_Data_
----

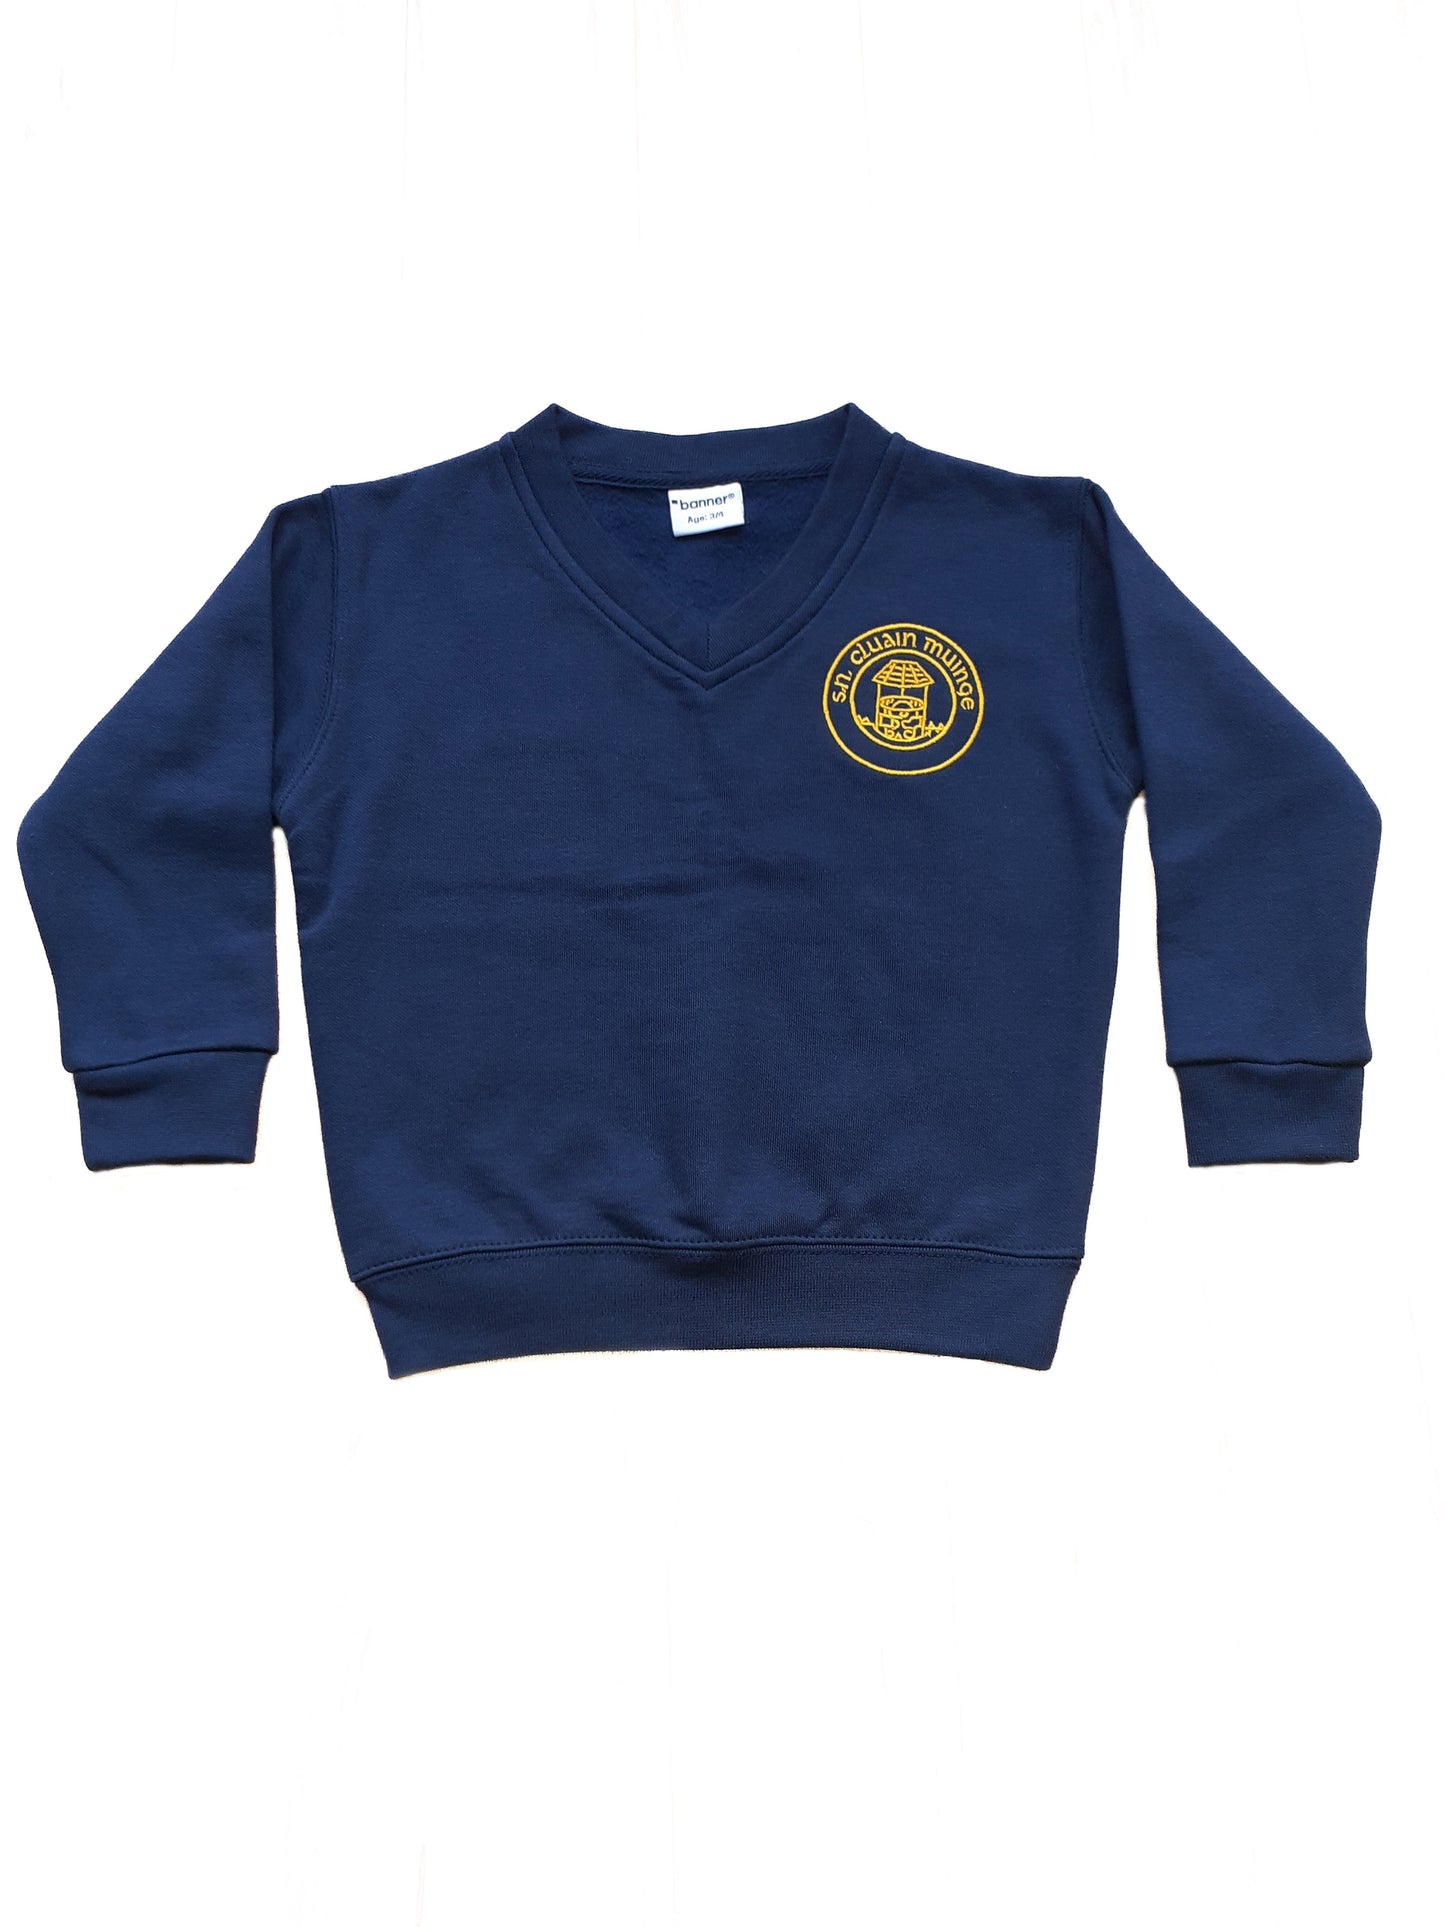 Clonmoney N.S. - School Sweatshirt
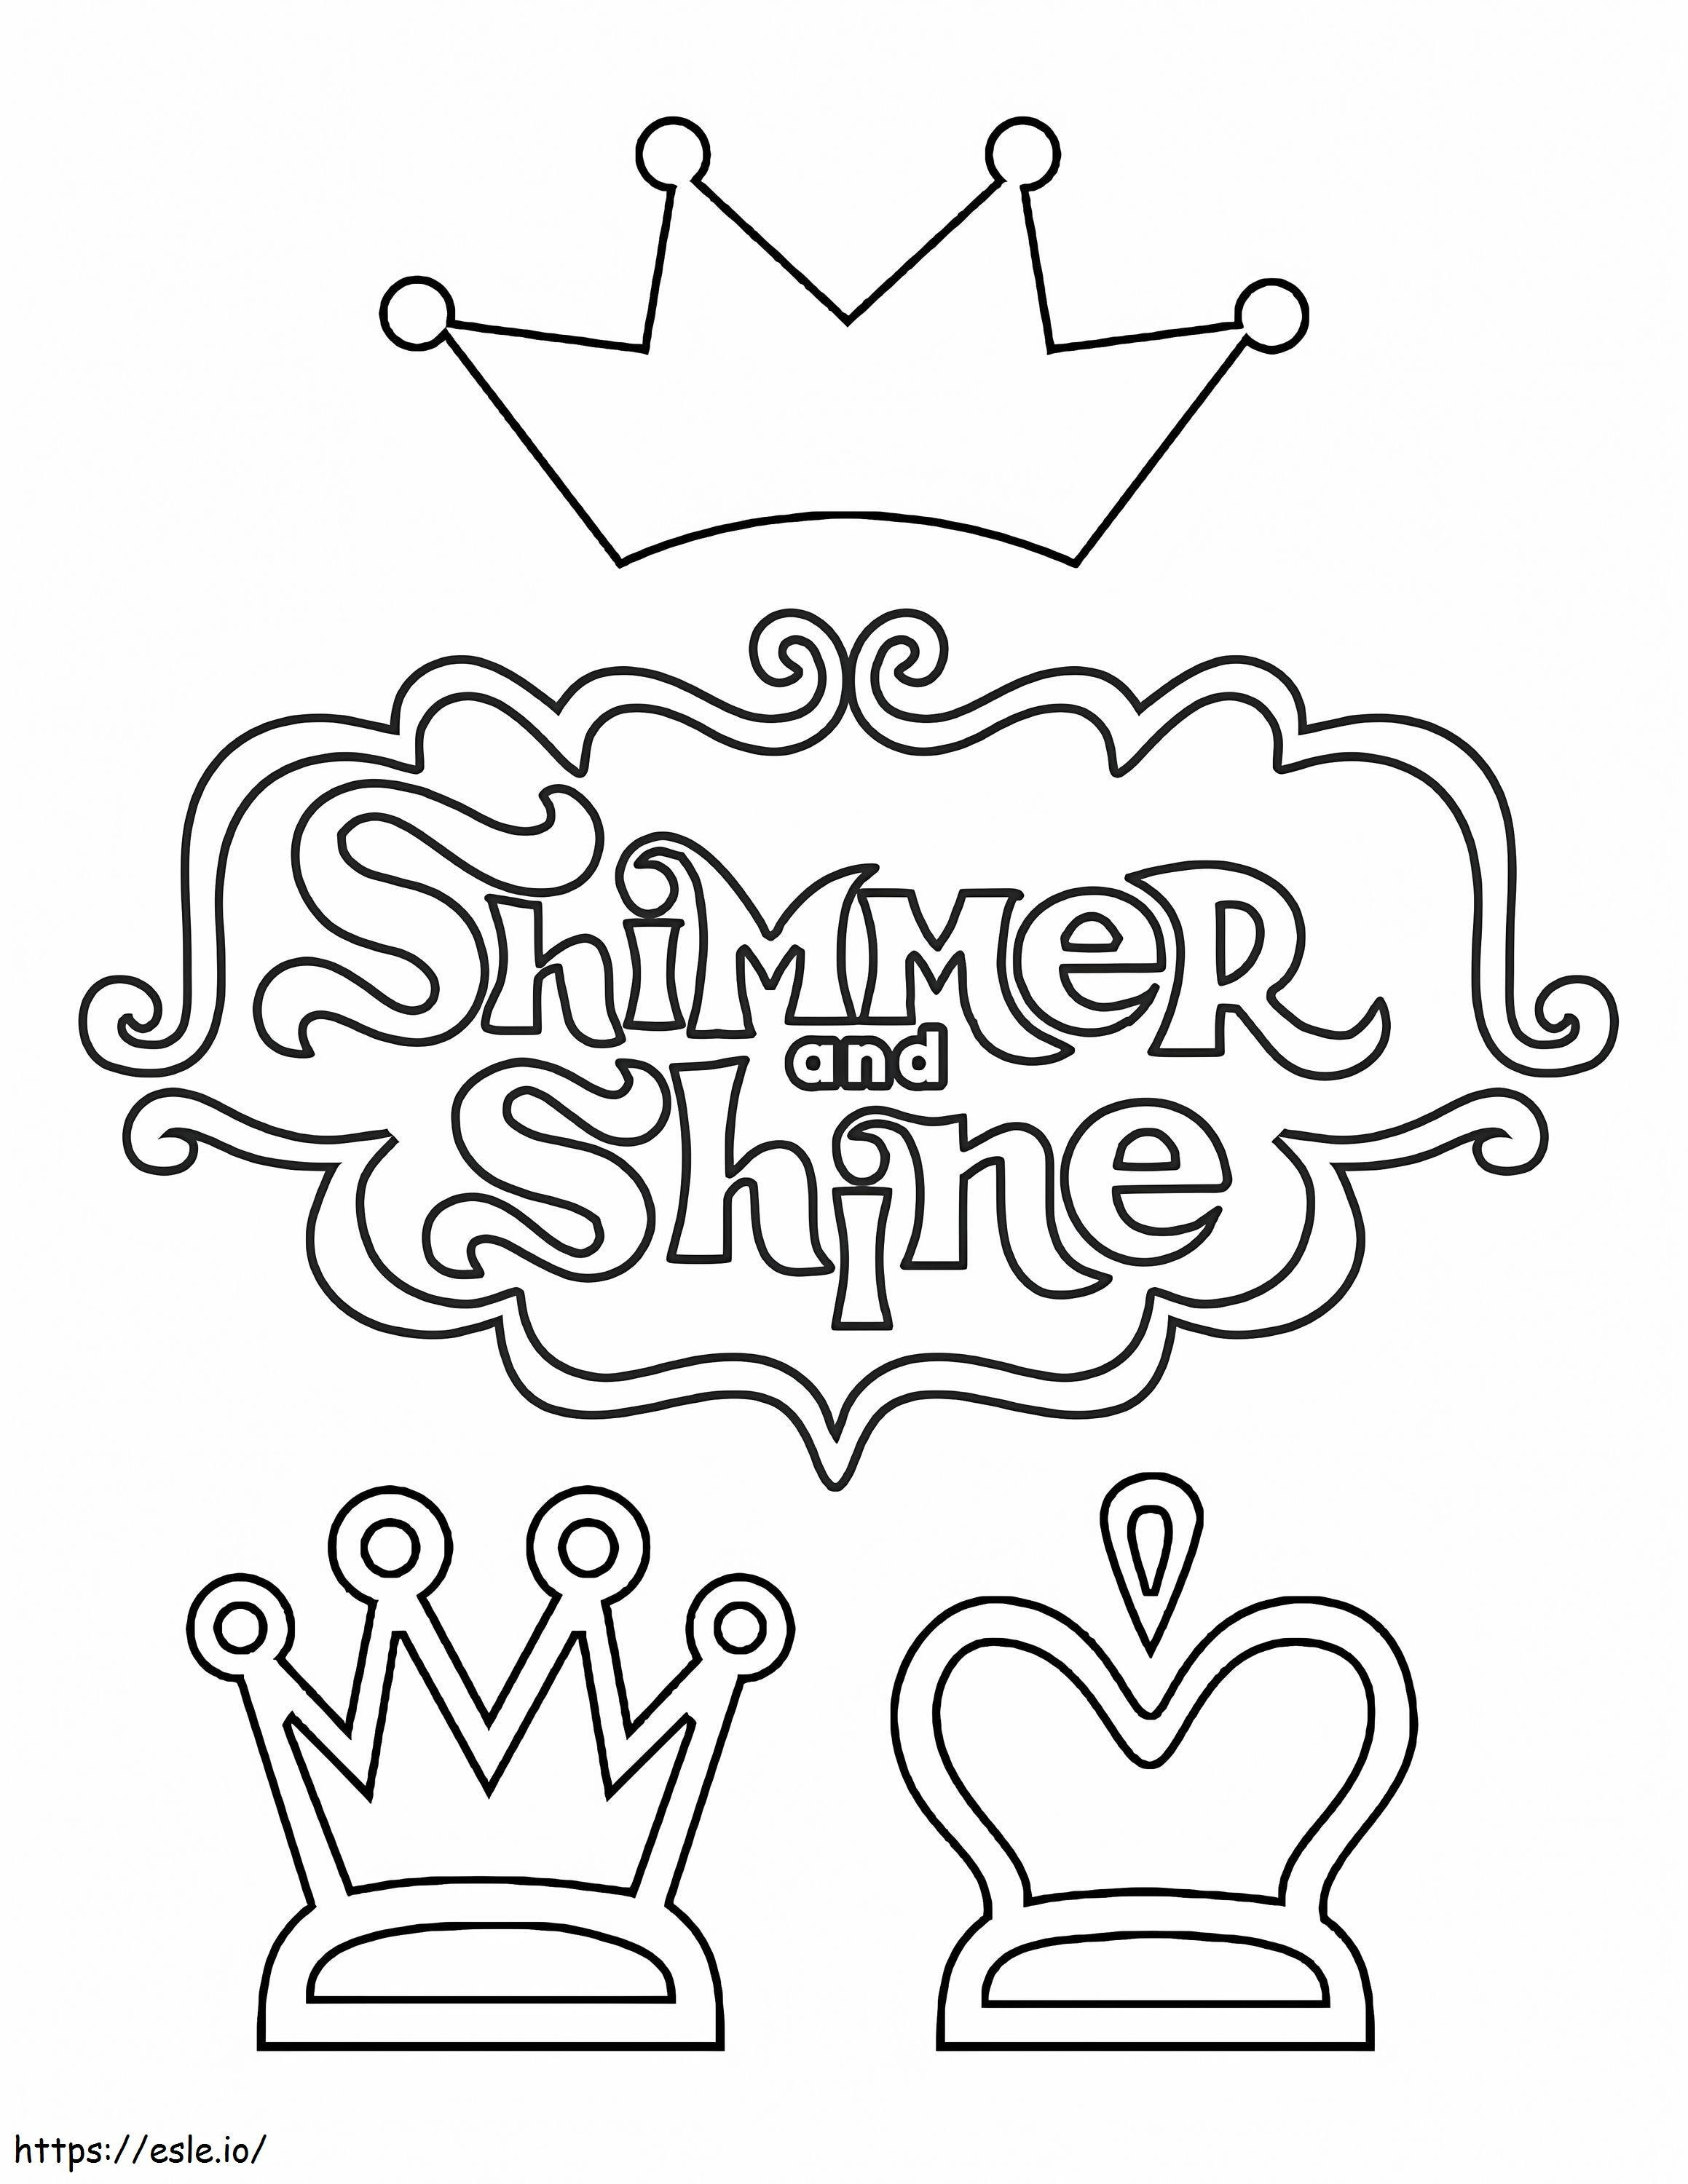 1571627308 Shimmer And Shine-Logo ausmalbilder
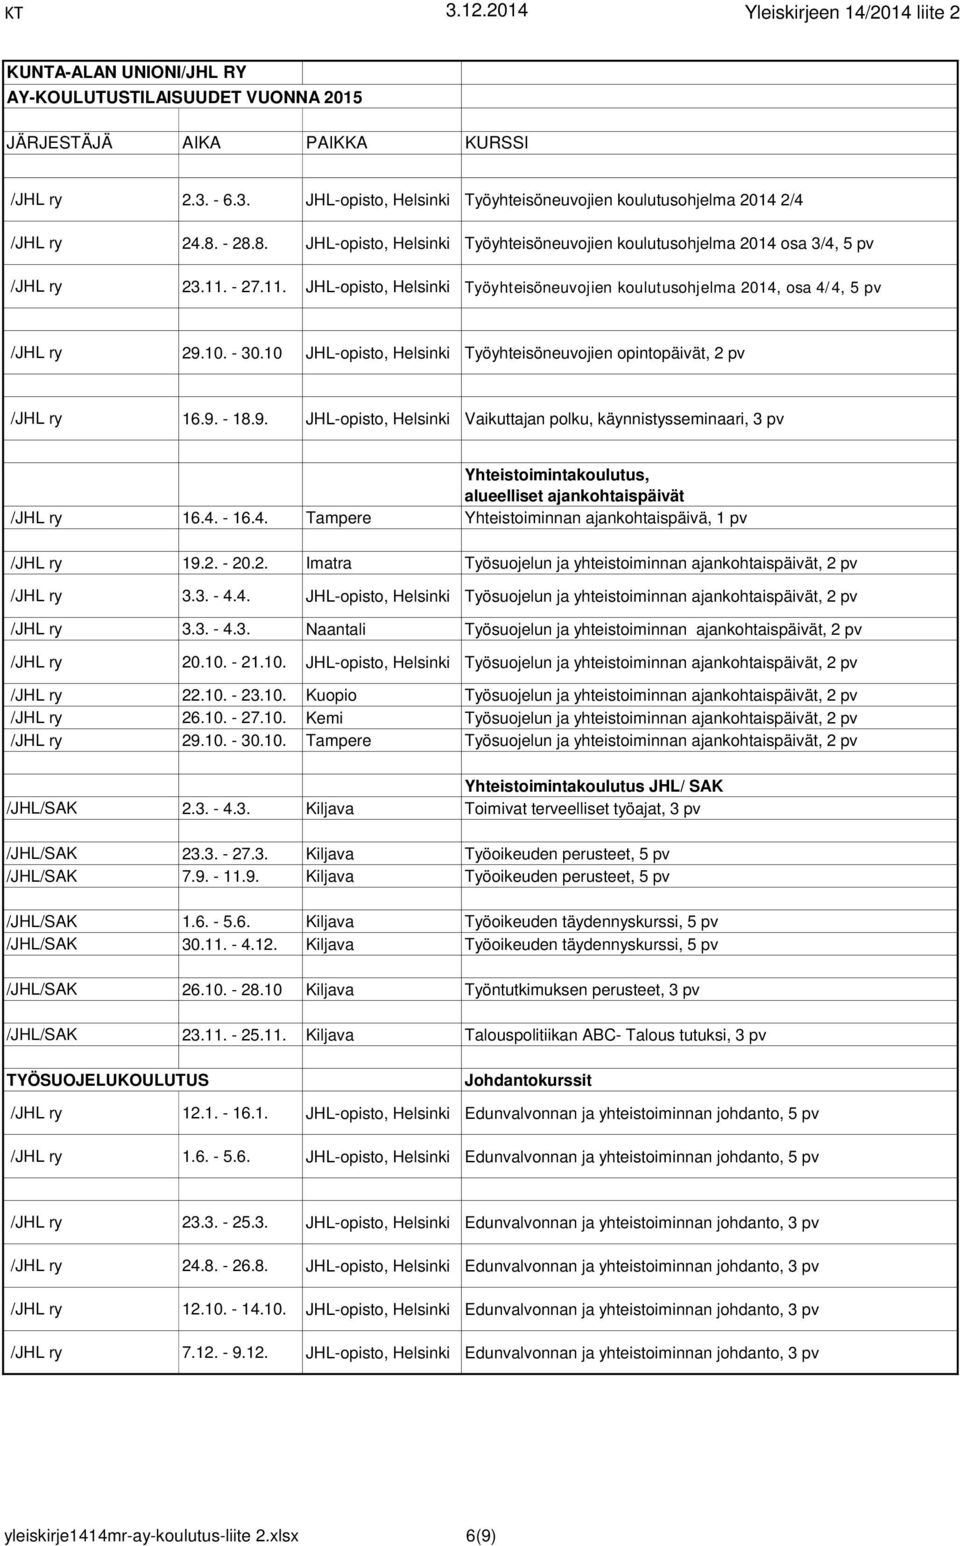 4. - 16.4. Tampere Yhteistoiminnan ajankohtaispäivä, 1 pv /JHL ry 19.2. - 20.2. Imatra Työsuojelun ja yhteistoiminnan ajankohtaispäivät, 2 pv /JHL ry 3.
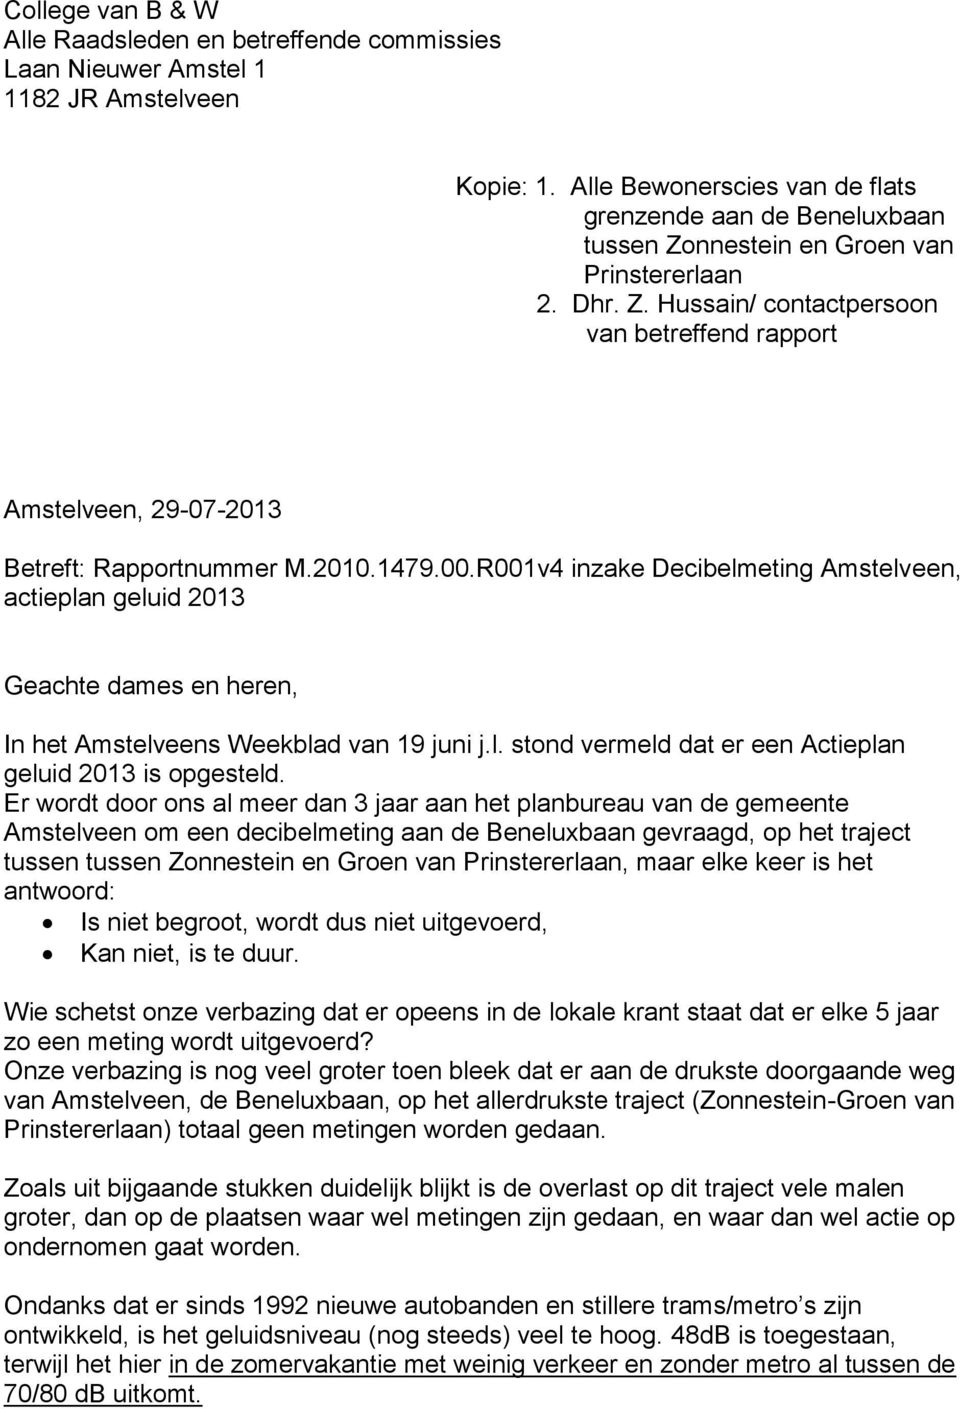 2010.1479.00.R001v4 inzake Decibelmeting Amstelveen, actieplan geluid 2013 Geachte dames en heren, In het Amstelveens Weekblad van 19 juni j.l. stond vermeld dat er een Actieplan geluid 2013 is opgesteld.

----

_Aim of the task_
Your copy of the listing should match it exactly, apart from the pictures, which are left out.

_Result_
 Clonmoney N.S. - School Sweatshirt
 1571627308 Shimmer And Shine-Logo ausmalbilder
 4. - 16.4. Tampere Yhteistoiminnan ajankohtaispäivä, 1 pv /JHL ry 19.2. - 20.2. Imatra Työsuojelun ja yhteistoiminnan ajankohtaispäivät, 2 pv /JHL ry 3.
 2010.1479.00.R001v4 inzake Decibelmeting Amstelveen, actieplan geluid 2013 Geachte dames en heren, In het Amstelveens Weekblad van 19 juni j.l. stond vermeld dat er een Actieplan geluid 2013 is opgesteld.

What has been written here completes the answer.